明明是平静至极的口吻,他脸上的神情也宛若没起一丝一毫的波澜,斯提克斯却深深地感受到了坠入冰窖的恐惧,额头沁出细密的冷汗来。

显而易见的是,比起这初一见面就胆大包天地向伯母表露心迹,却构不成什么威胁性的蠢姑娘,父神隐含的滔天怒意完全是针对随随便便就将不知所谓的人带到母神面前的自己的。

要是能叫时光倒流,他绝不会贪图她那点可有可无的能力,宁可把她的脑袋塞进日神的滚滚车轮,都不会叫她有机会目睹母神的面容。

贝瑟芬妮即便迟钝到感受不到浓烈的杀气,也知道自己的话定会令刚将招人垂涎的珍宝揽入怀中的冥王不快,懊恼地叹了口气,乞怜道:“爱情恣意,从不任我自由决定,付出相思的往往沉重,收获它的则一身轻松。若绿草的存在是为了叫花苞更加鲜艳,那沉默的黑夜就是为了衬托出萤火的可贵,似世间孕育出满身罪孽的恶人是为了衬托高尚的美德。我知自己是天生的嘴拙舌笨,相貌也是一无可取的,只有一身不惧太阳热力的炽热骨髓,又如何有脸面责怪你的不予理睬?我只愿成为沉淀水底的细腻河沙,好独占对水镜自照的美容瞬息。”
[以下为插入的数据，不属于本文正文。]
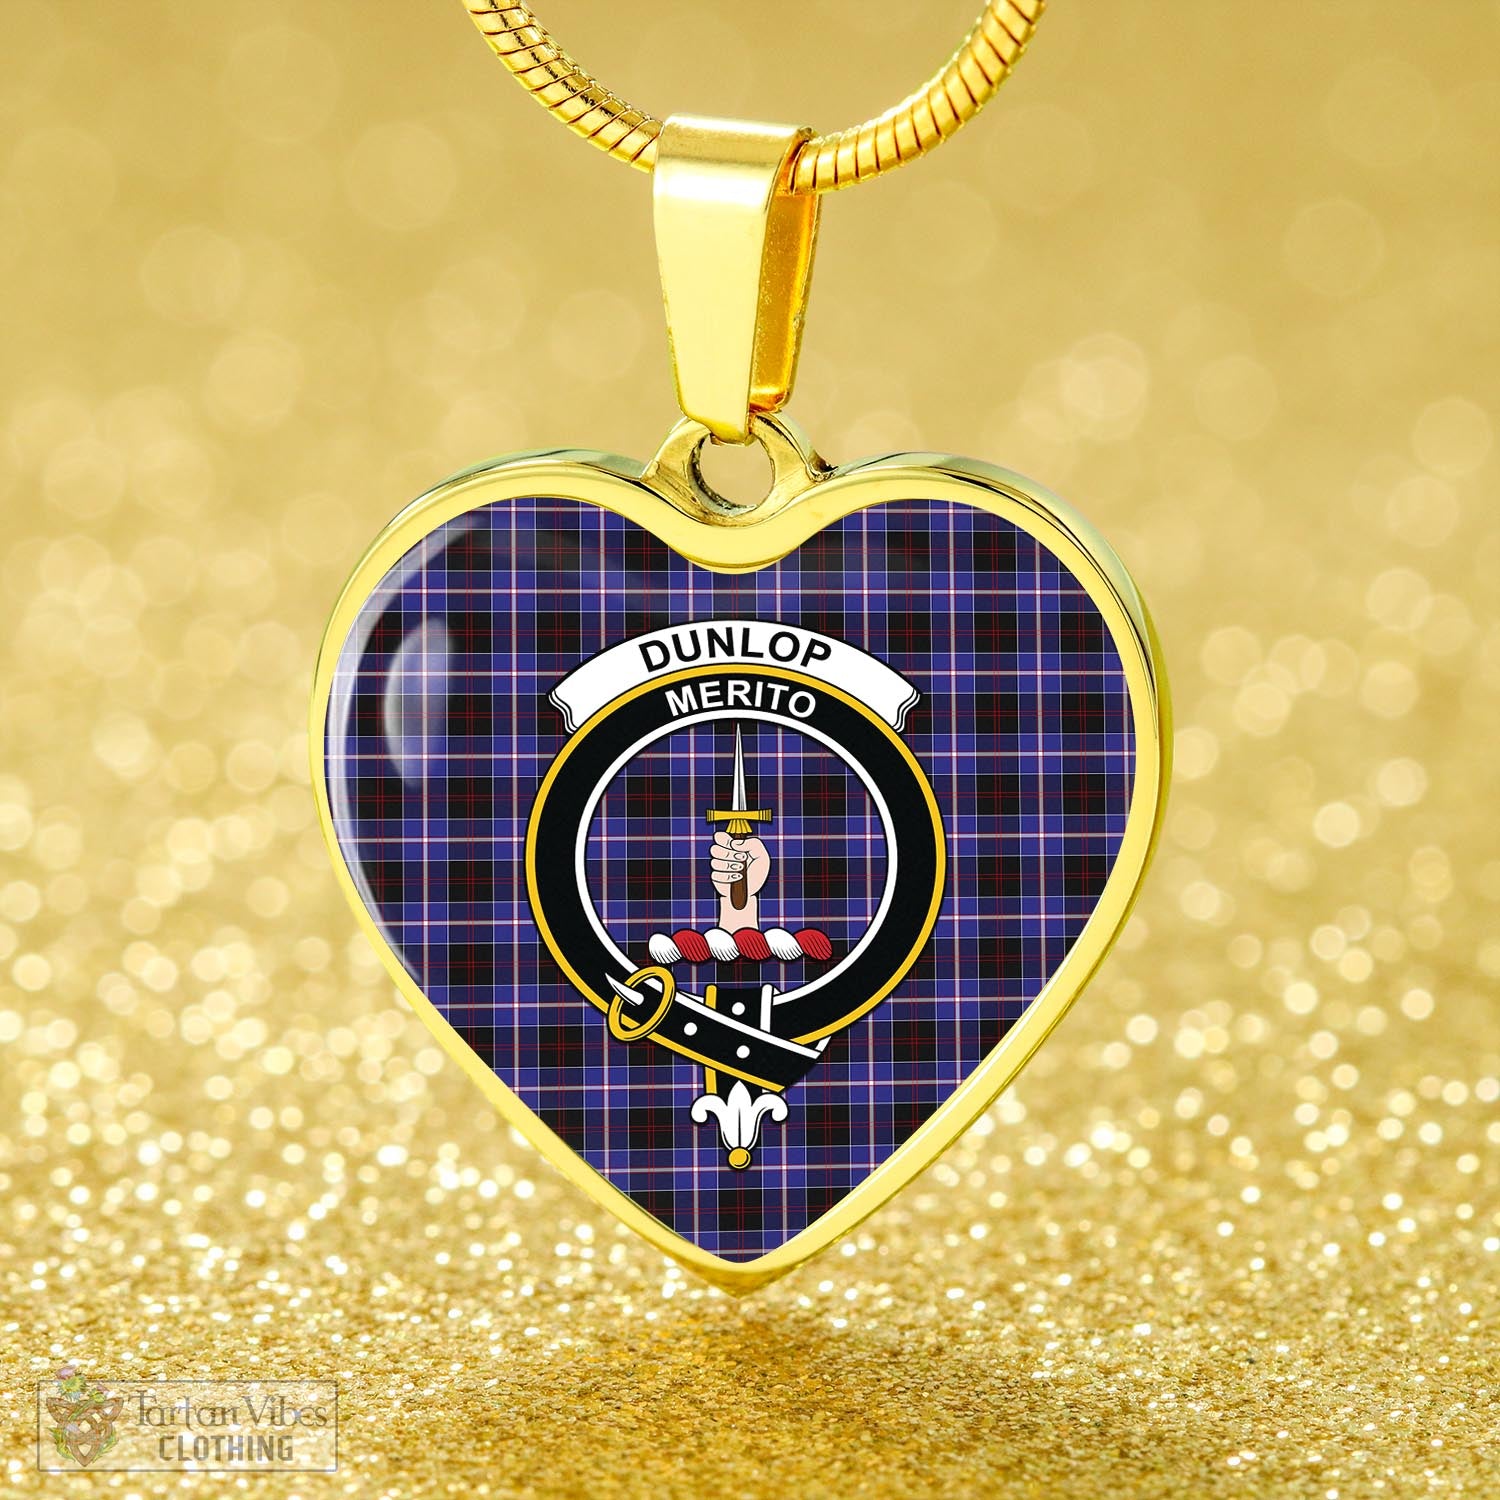 Tartan Vibes Clothing Dunlop Modern Tartan Heart Necklace with Family Crest

对奥林匹斯一系的浮夸措辞早已麻木不仁的阿多尼斯,越听越觉得好笑,可他不生气,却不代表冥王是多宽宏大度的君主,眼见着丝毫不知大难临头的春神就要被眉间沉沉阴翳的冥王当真变成她口中的河沙了,冥后轻咳一声,不得不先将方才被偷吻的不满放到一边,右手轻轻地覆在了哈迪斯握着权杖的手背上:“将孩子的戏言当真,可不符合陛下的作风。”

他虽对贝瑟芬妮无甚好感,却也不想见年幼无知的她出口成祸,更不想让哈迪斯因争风吃醋这种可笑理由对其痛下杀手,从而激怒仅有这心爱独女的丰饶女神。

哈迪斯垂下了眼,并不言语,原本扣住杖身的手指却无声无息地缠了上来,反摁住了阿多尼斯的,还宛若无意地揉捻了一下敏感的柔软指腹。

阿多尼斯眉心一跳,决心在无知无畏的春之女神再闯下大祸之前把她送走,便温和道:“你远道而来,得了那位伟大的女神的命令要亲手交给我的,就是这个盒子吗?我已经从你与我心爱的儿子口中得知,也亲眼看到了,请你将它放在你的脚边,这样一来忠贞的信使的使命就已完成,你也可回你梦寐以求的归宿了。”

明明达到了先前翘首以盼的结果,贝瑟芬妮的不舍之情完全溢于言表,跟来之前的归心似箭一比,此刻盈满胸腔的怅然若失,则连她自己都觉得羞愧了。

有心弥补的斯提克斯却容不得她再痴痴地望着植物神发怔,他匆匆地向两位父神致歉辞行,就紧紧地攥住春神的手腕,使出最大的力气将她拖到了一直在树林外等候的修普诺斯身边,“快点,”他狠狠地叫道:“把这个灾难的源头远远送走,别再让她有机会出现在我母神面前了!”

修普诺斯虽不清楚究竟发生了什么,可机敏的他总是少说多做的,闻言只淡淡地点了点头:“还请斯提克斯殿下暂且回到两位陛下身边,我先将她送走,随后再来接你。”

斯提克斯烦躁地点了点头,目送着那惹祸精总算被带走了,他才心情郁郁地缓慢往回挪步,一点不想被在爱情面前额外心胸狭隘的父神狠狠发作。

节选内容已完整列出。